Of course they'll get his five grand back because they ain't gambled it away in the first place. Derren Brown ain't been nowhere near no casino tonight, not unless it was after the show in his own time. I know Casinos and I'm telling yous; that was a Channel Four studio 'somewhere in Europe', or a Casino they'd borrowed and closed for the evening.

For starters, it was too quiet and empty. There was no sound of other gamblers, of other roulette wheels, or cards being shoed or shuffled. Sure, it could have been a small casino but the problem with that is there was no evidence whatsoever, either visual or audio, of slot machines. They ain't not one casino in the world that don't got slot machines, girlfriend, and they make noise and flash lights all the time to try to hypnotise you and get your money (not unlike Derren Brown). There were no croupiers rushing past, or people serving drinks, and none of the small trolleys you get given as a punter to put your drinks on. You don't stand at a table with holding your wine glass while you play. You don't change your chips when you're putting them all on the same number. You don't walk around holding your sleeves up to stuff so the hidden camera can catch it. Well, not unless you fancy getting taken away and being beaten up in the basement.

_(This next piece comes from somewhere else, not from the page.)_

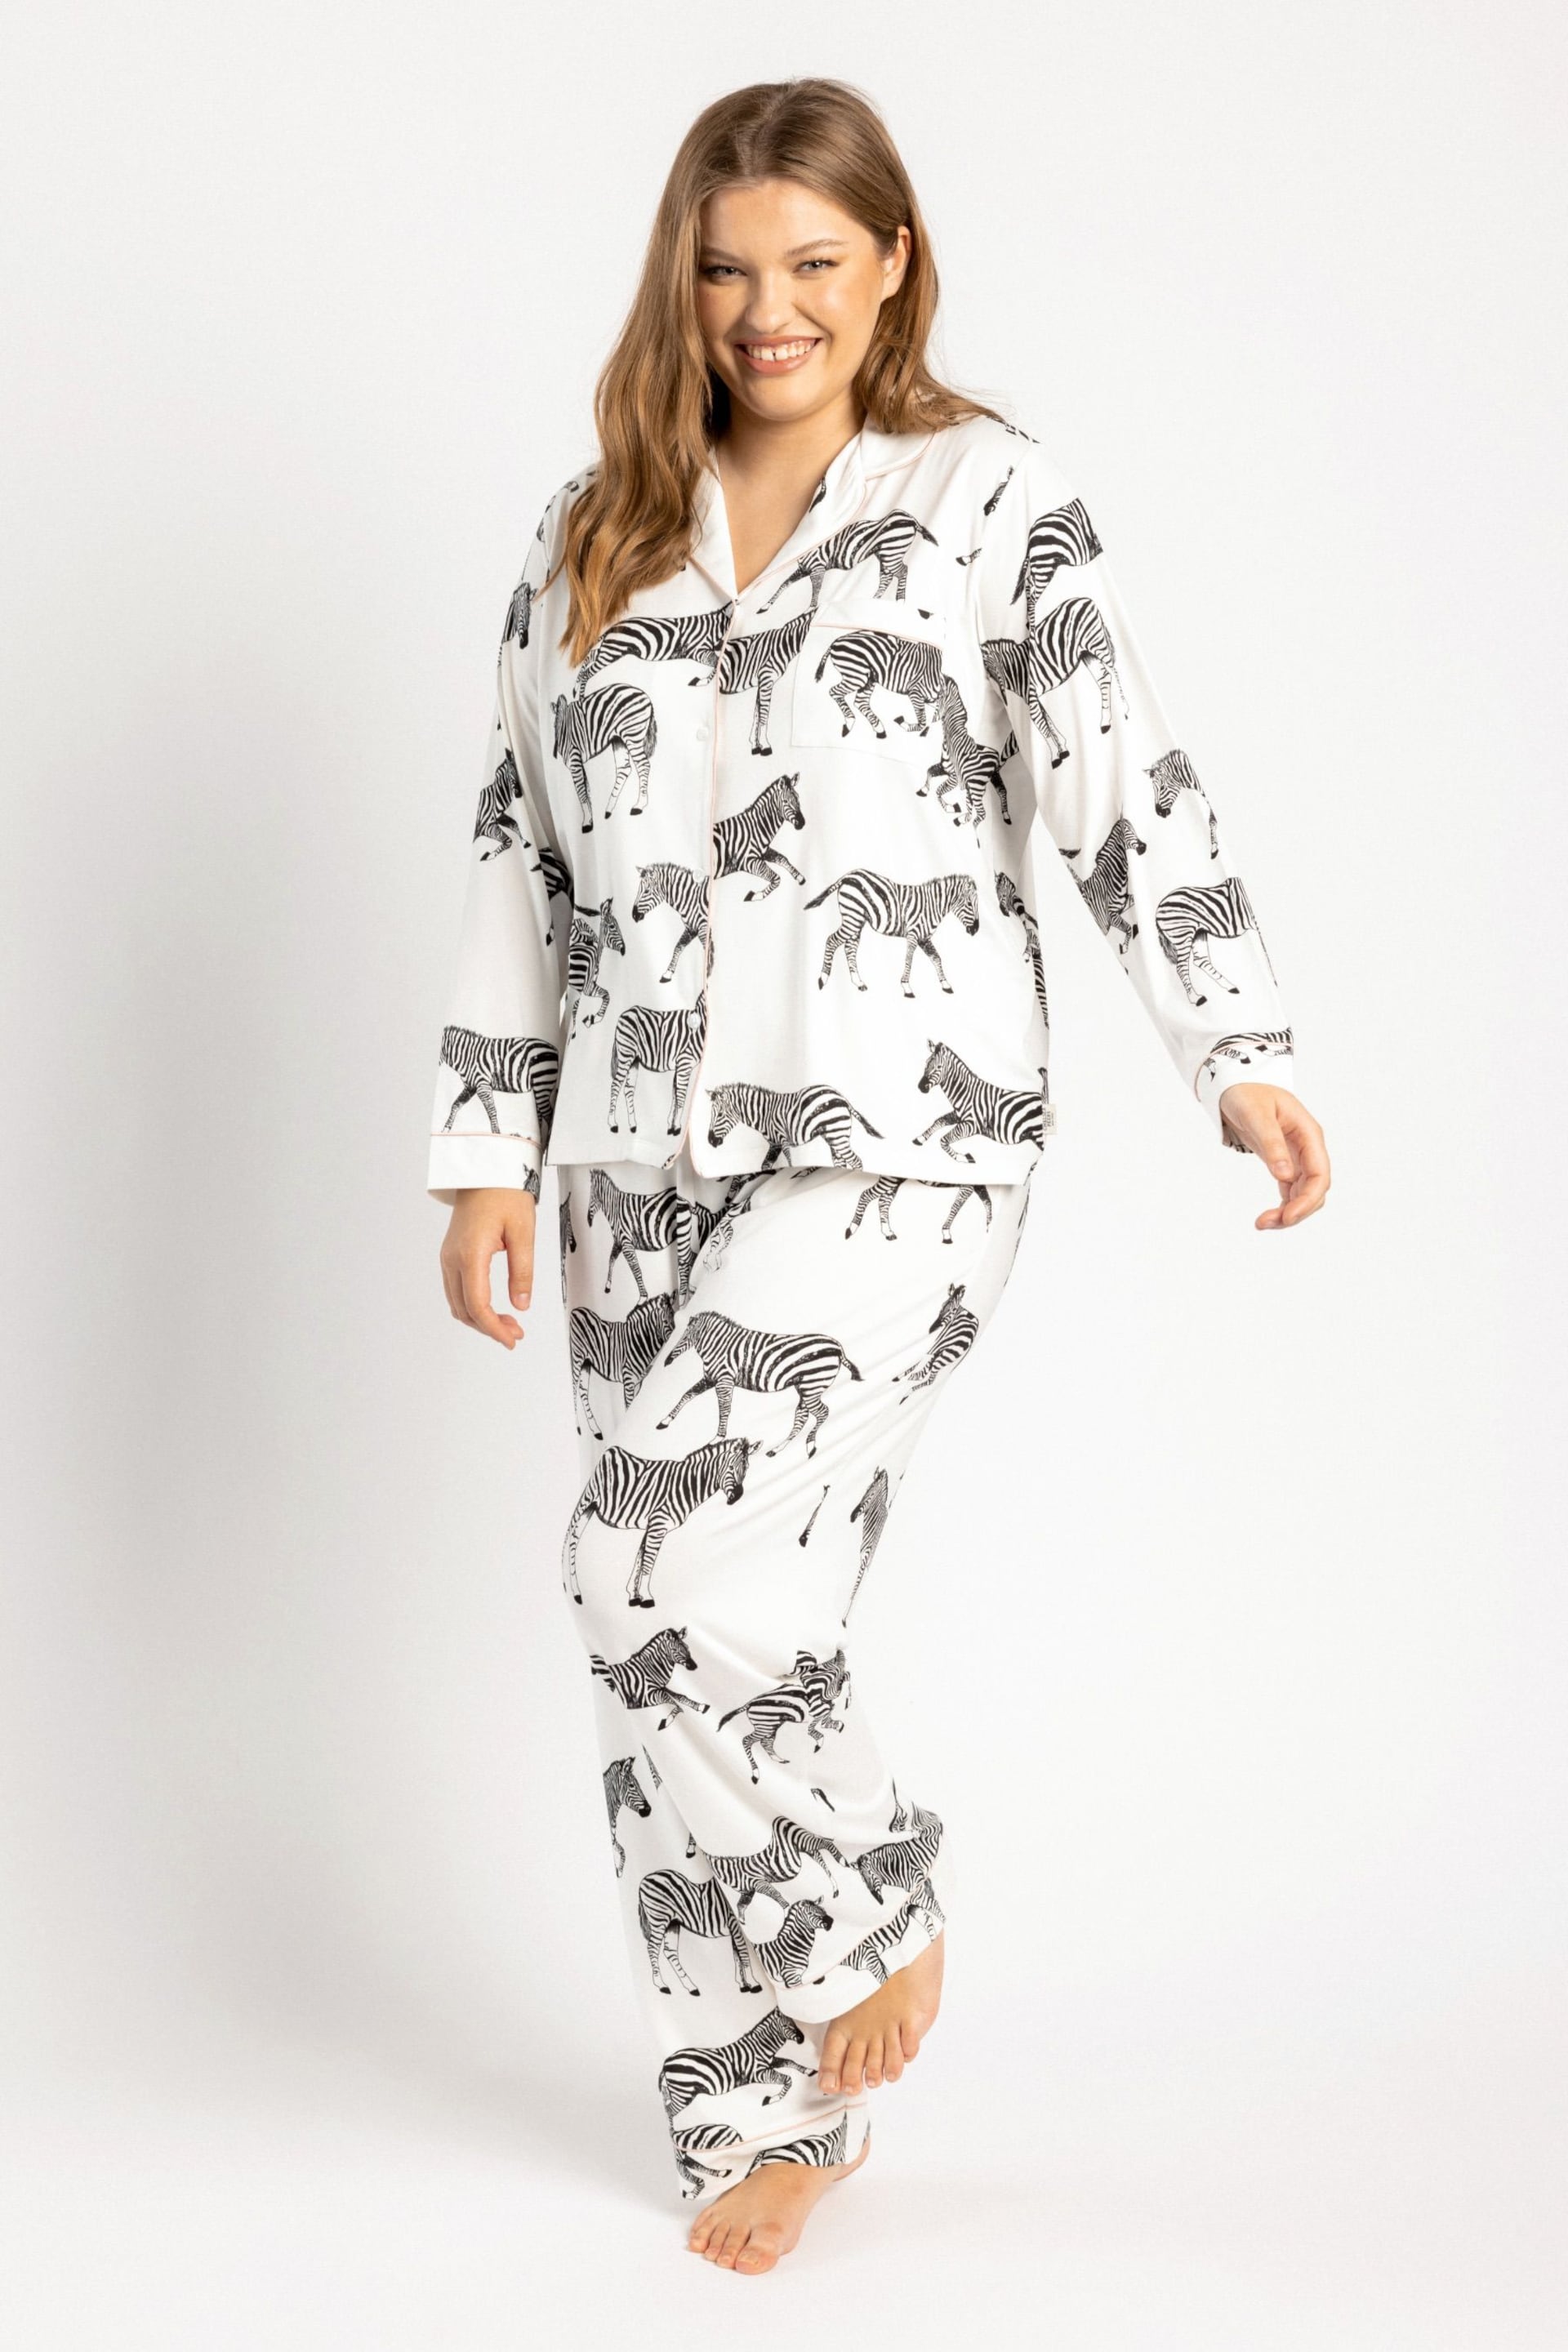 Chelsea Peers Cream Curve Zebra Button Up Pyjamas Set - Image 1 of 6

Then there's the size of the bet. Five grand on a single number? Casinos risk manage their exposure. You don't just walk over to a table and put that much cash on the nose of a 35 to 1 payout without the pit boss having a look see if he's happy. At least, you don't unless you're in Aspinall's or one of the other super exclusive casinos on Curzon Street. And the thing about those Casinos is that A. you have to be a multi-millionaire to join (although mebbe our Derren's been playing the lottery) and B. you have to get a personal invitation by someone who's already a member. And like even if Derren did all that, they're gonna let him join, four weeks after the TV schedule announces he's going to bring the place down? Yeah, right, whatever.

It almost goes without saying at this stage that Derren's explanation of how he did it was complete rubbish. Brown claimed tonight to be able to assess two different speeds going in opposite directions by tapping his feet to their different rhythms. Hello? Anyone here ever tried to rub their stomach and pat their head at the same time? Well this would be harder, you'd have to do it faster, then apply a load of complicated calculations and take into account rebounds and bounces on the wheel. And all that in the few seconds you've got between the croupier spinning the wheel and you putting your chips down. Derren's clever and quick. He ain't a computer. Add to this the fact that there's a camera in Derren's sleeve, he is tapping *both* of his feet but at slightly different rhythms and yet we don't see its picture (or our Derren for that matter) shake any more than it was doing before. He would also have looked mighty strange while he carried out this little trick. If you don't believe me stand up and try tapping both your feet. Hmmm...

So, if what I say is true and it's all a big set up, why on earth not just go all the way and get the number exactly right?

Well one big reason springs to mind right away. If he did that, he'd have had to give Ben that blooming great cheque. There's a second thing too. By getting the figure one out, he makes the trick more believable. People think he came so close to pulling it off, and assume that if he was cheating he'd have got it exactly right so that he must be telling the truth. Paul Daniel's even suggested Derren should get one of the lottery balls wrong, for this exact reason.

But it was well done and it was funny, I'll give him that. I suspect there will be some kind of link between The Events and Derren's next series, where he'll be scam busting. Starting with his own scams mebbe? Just a hunch.